Reductions in the state budget to the Department of Natural Resources, UW-Extension and the state’s land stewardship program would have a significant impact on the environment, said Bob Walter, county board supervisor from Menomonie and chair of the PRD committee.
For example, the positions filled by Dan Zerr, Lower Chippewa River Basin educator through UW-Extension, and Julia Olmstead, farmer-led watershed council coordinator, could be eliminated, Walter said.
Many of the programs, projects and initiatives have taken years to develop.
Improving the water quality of Tainter Lake and Lake Menomin, for instance — both listed by the federal Environmental Protection Agency as impaired waters — is the goal of the Red Cedar River Watershed’s Total Maximum Daily Load (TMDL). The TMDL has been in the works for more than a decade.
For starters, the $25,000 grant that supports the farmer-led watershed council’s efforts would most likely disappear, Prestebak said.
The money is part of a lake management grant from the DNR, he noted.
Another $15,000 that the Joint Finance Committee restored two years ago would also be lost in the current budget proposal, he said.
The state budget does contain a $250,000 provision for farmer-led watershed councils, but the budget is exceptionally vague on how the money would be administered, he said.
The $250,000 is for the whole state, but Prestebak said he did not know if the budget intended the money to be used for farmer incentives or if it would be used for staff.
In either case, dividing $250,000 by 72 counties would leave about $3,500 per county.
Since the DNR would cut money from UW-Extension for water quality, the cut would affect the staff for the TMDL plan and the coordinator for the farmer-led watershed councils, Prestebak said.
The governor’s proposed budget also would take the rule-making authority and policy authority away from the Natural Resources Board and the Department of Agriculture, Trade and Consumer Protection Board and make those boards advisory, he noted.
The budget is “purposely designed for impacts,” Prestebak said.
The county could perhaps absorb the loss of the $15,000, Walter said.
Prestebak agreed. “It will not put us into a corner.”
The state legislature’s Joint Finance Committee has been holding public hearings on the proposed budget.
Conservation has not been very well represented at the budget hearings, said Dick Lamers, past president of the Tainter Menomonie Lake Improvement Association.
People who like to fish and hunt will suffer the impacts of budget reductions to land and water conservation, but they are not represented at the budget hearings, he said.
“We cannot afford to work in reverse,” Lamers said.

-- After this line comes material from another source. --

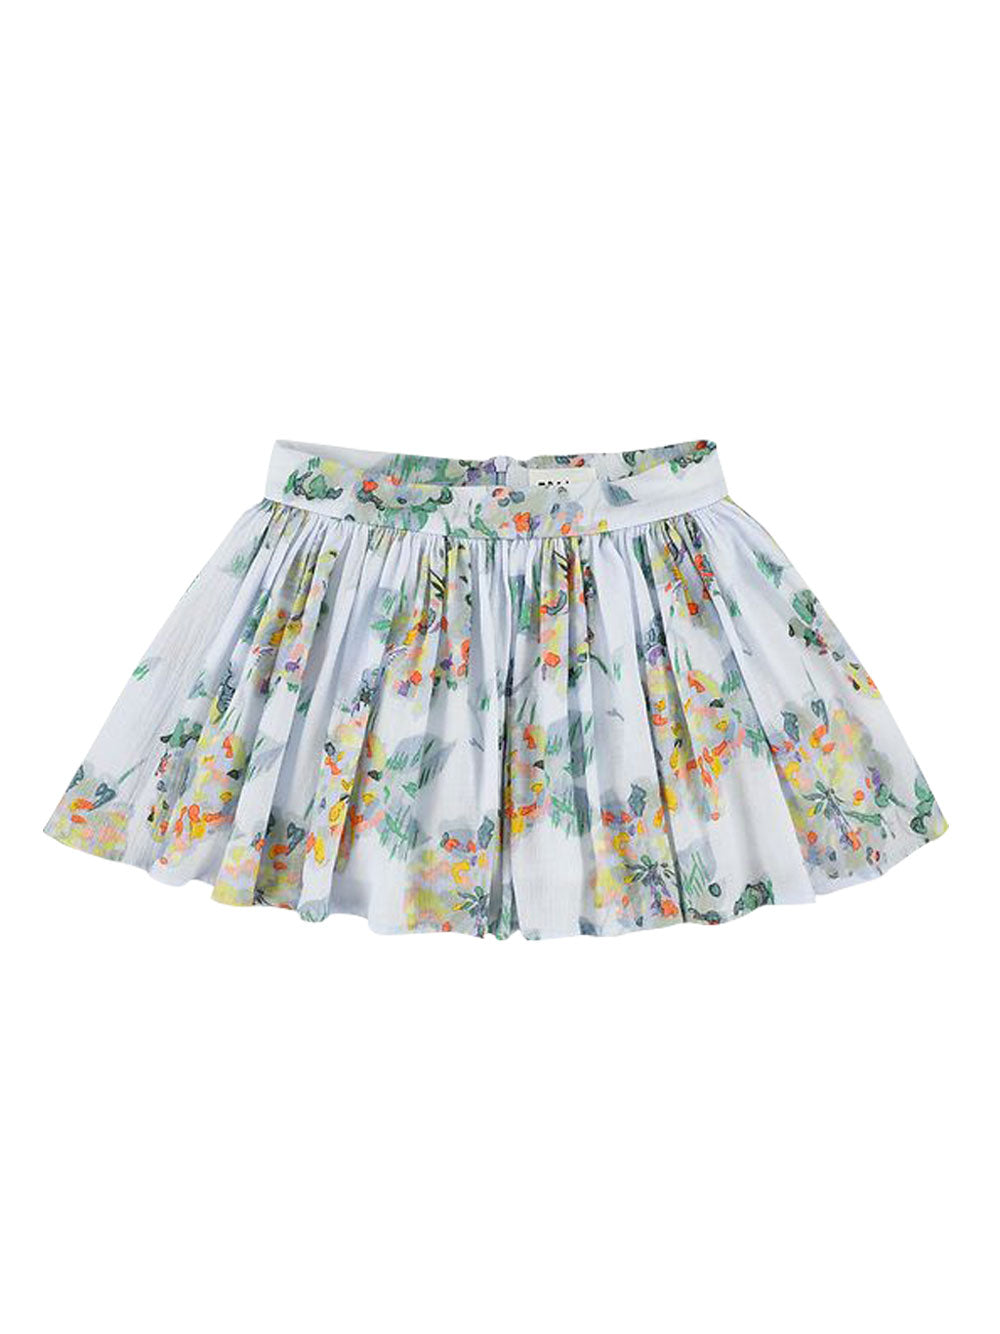 Sprint Fallingflower Skirt

Philanthropic organizations will be less inclined to give grants if state government cuts funding, said Tom Quinn, county board supervisor from Downing, a member of the PRD committee, and the executive director of the Wisconsin Farmers Union.
Farmers need staff support, he said.
Dunn County land conservation would not plan to drop staff for the watershed efforts, but the county could lose the farmer-led watershed council coordinator, Prestebak said.
“For some inexplicable reason (state legislators) do not see land and water conservation as important,” Quinn said.